:: WHAT IS BEING ASKED ::
Pictures stay out, but every line of the data is copied exactly.

:: INFORMATION PROVIDED ::
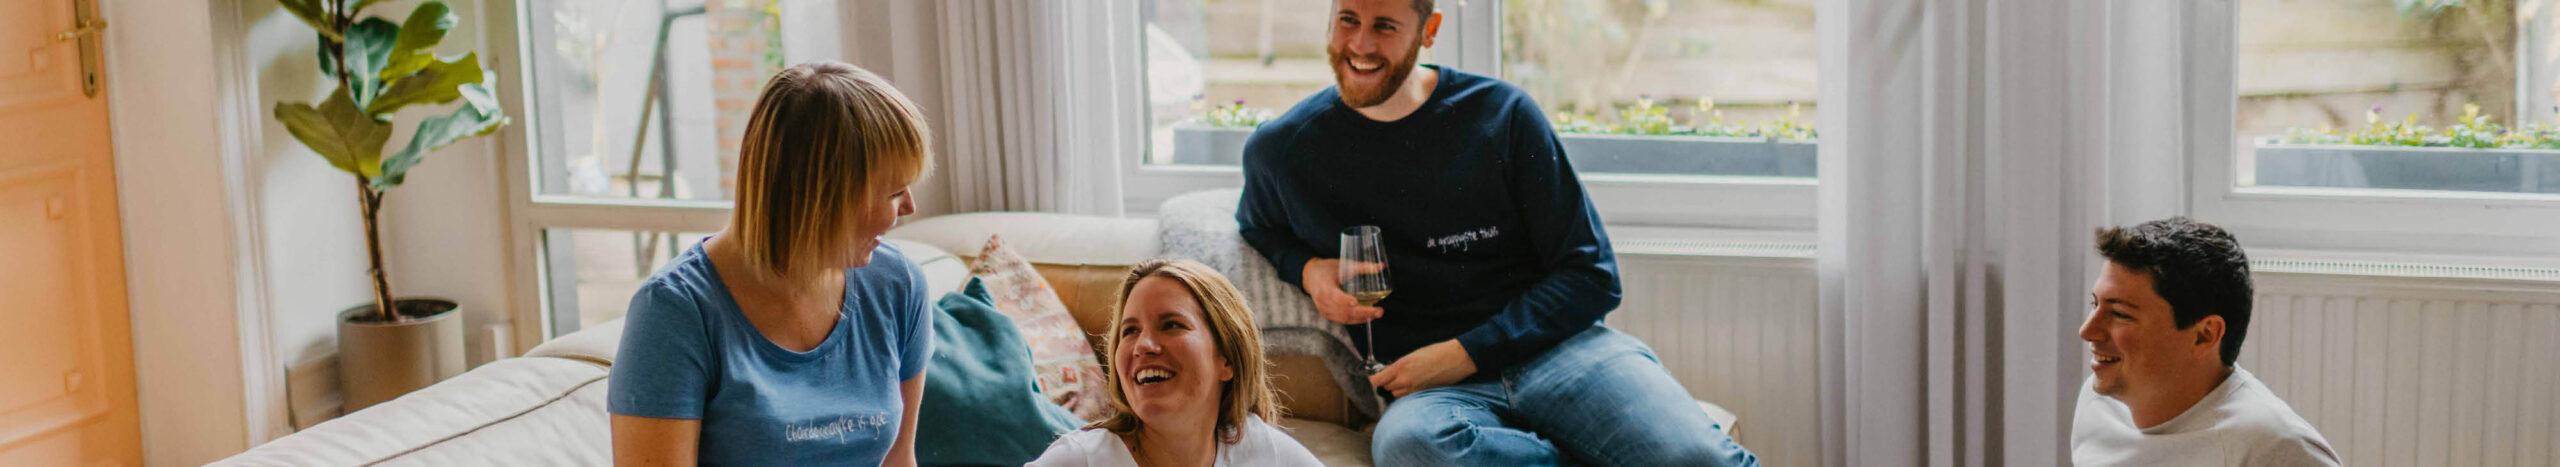 Anonymous Albert T-shirt & Sweater in sofa
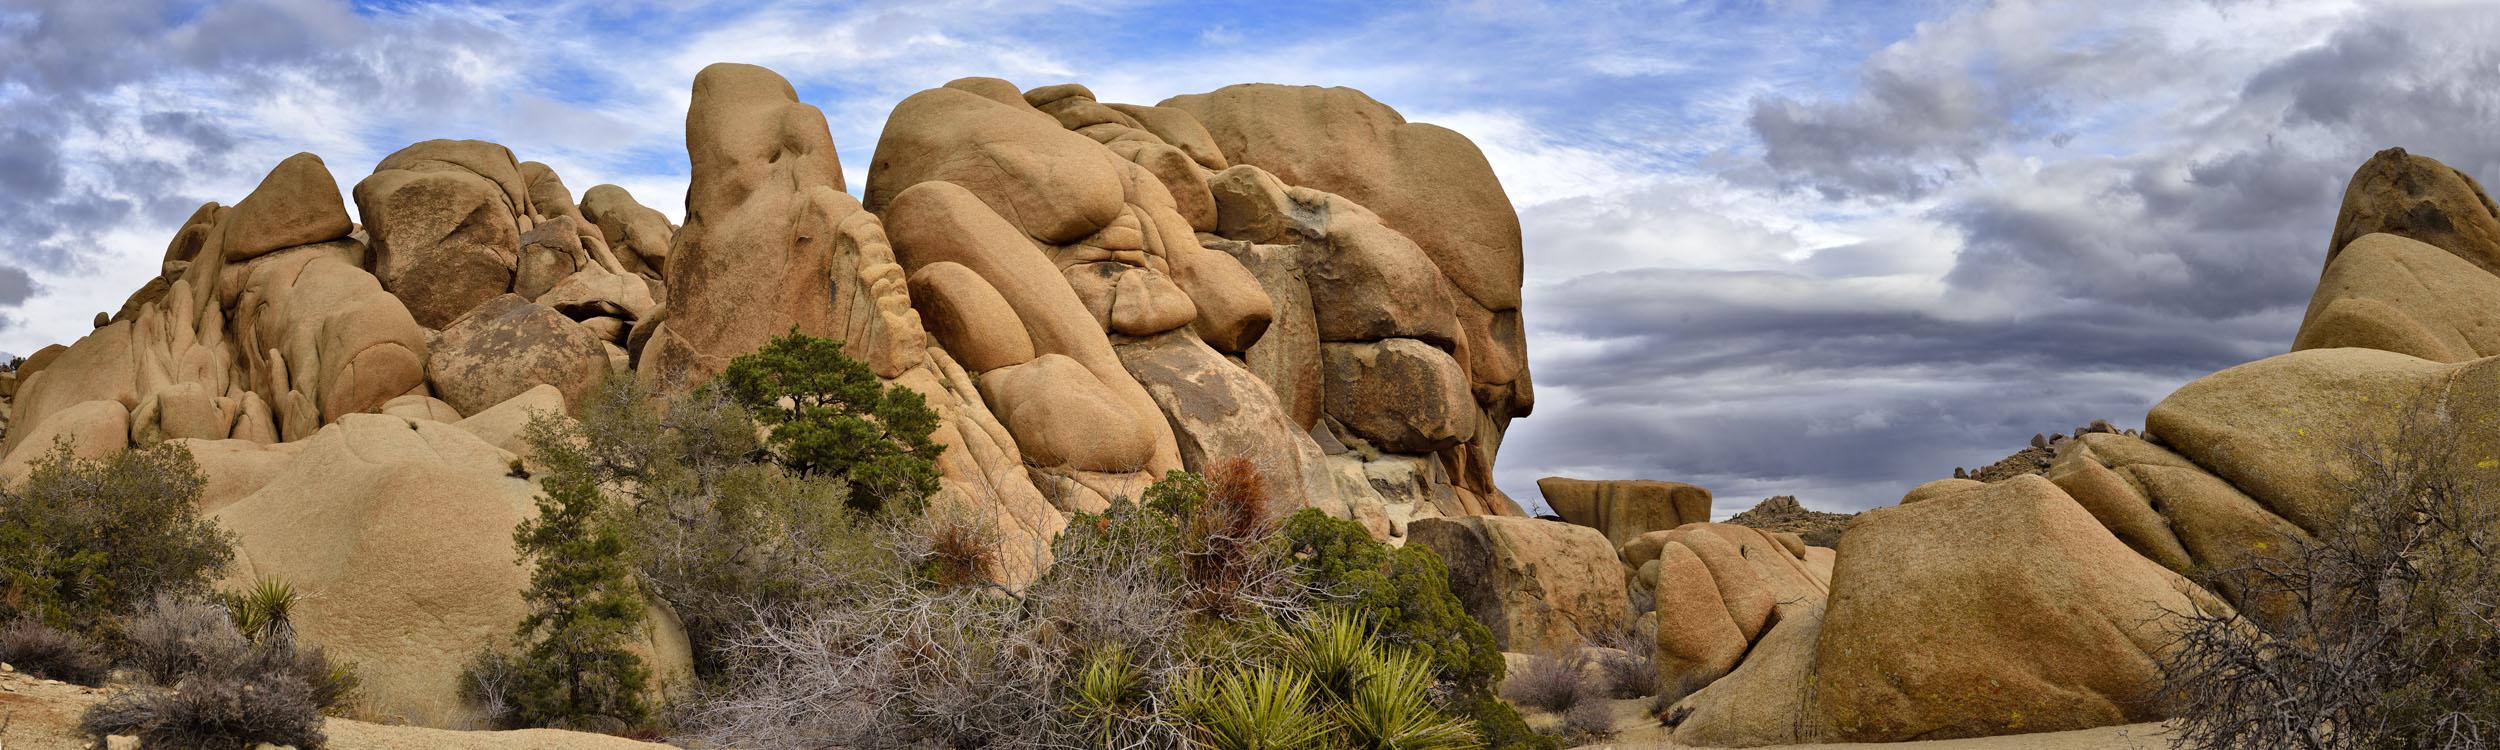 Rock Formation in Joshua Tree
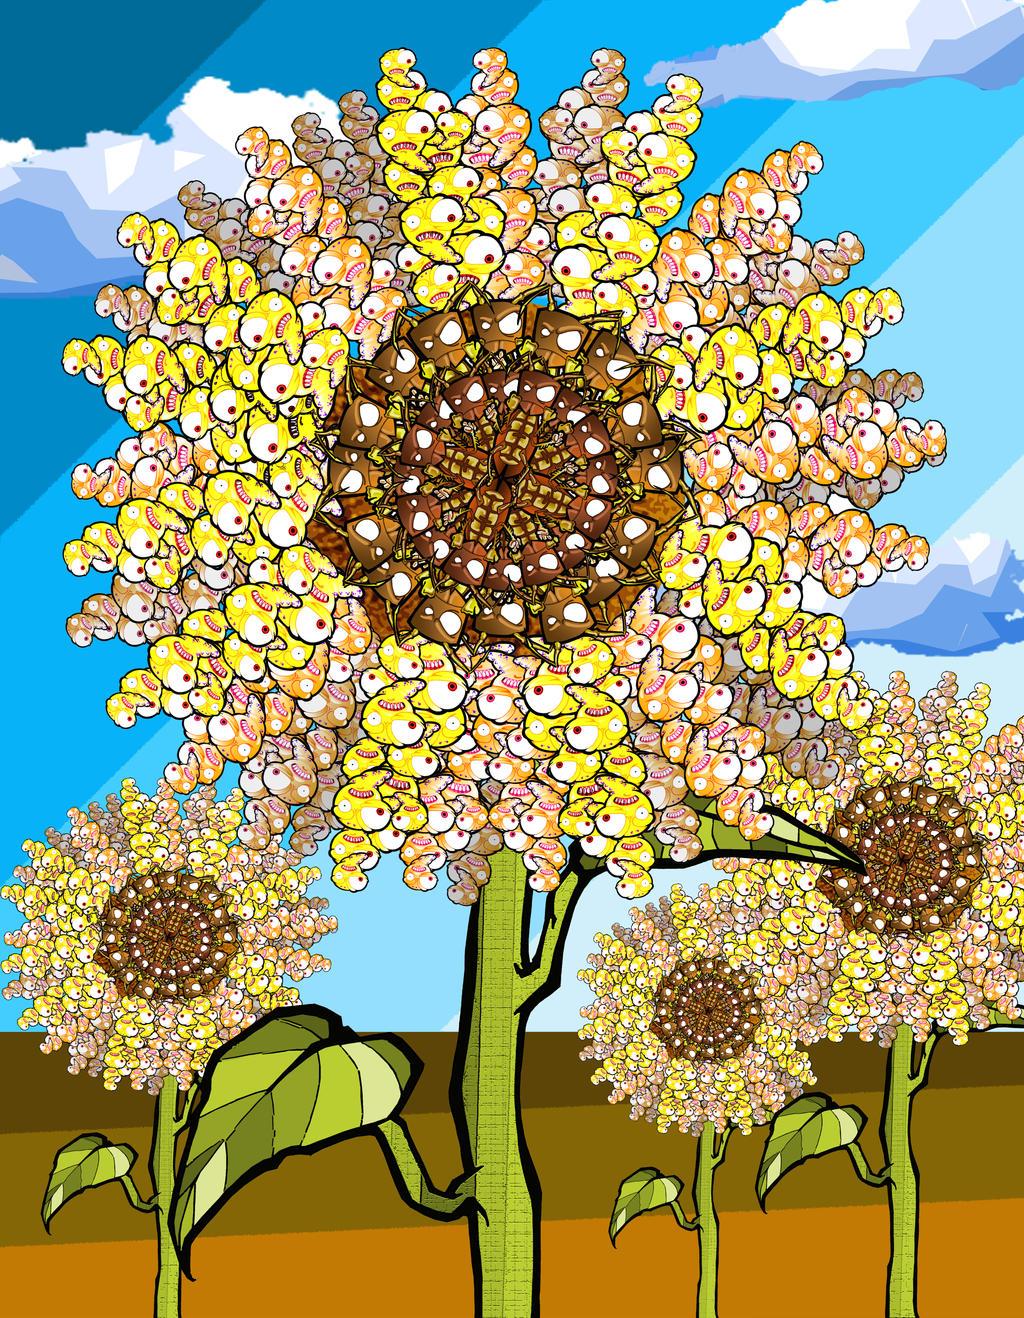 Van gogh sun flower ( insects everywhere) by BrainBlueArts

:: EXERCISE RESULT ::
 Anonymous Albert T-shirt & Sweater in sofa
 Rock Formation in Joshua Tree
 Van gogh sun flower ( insects everywhere) by BrainBlueArts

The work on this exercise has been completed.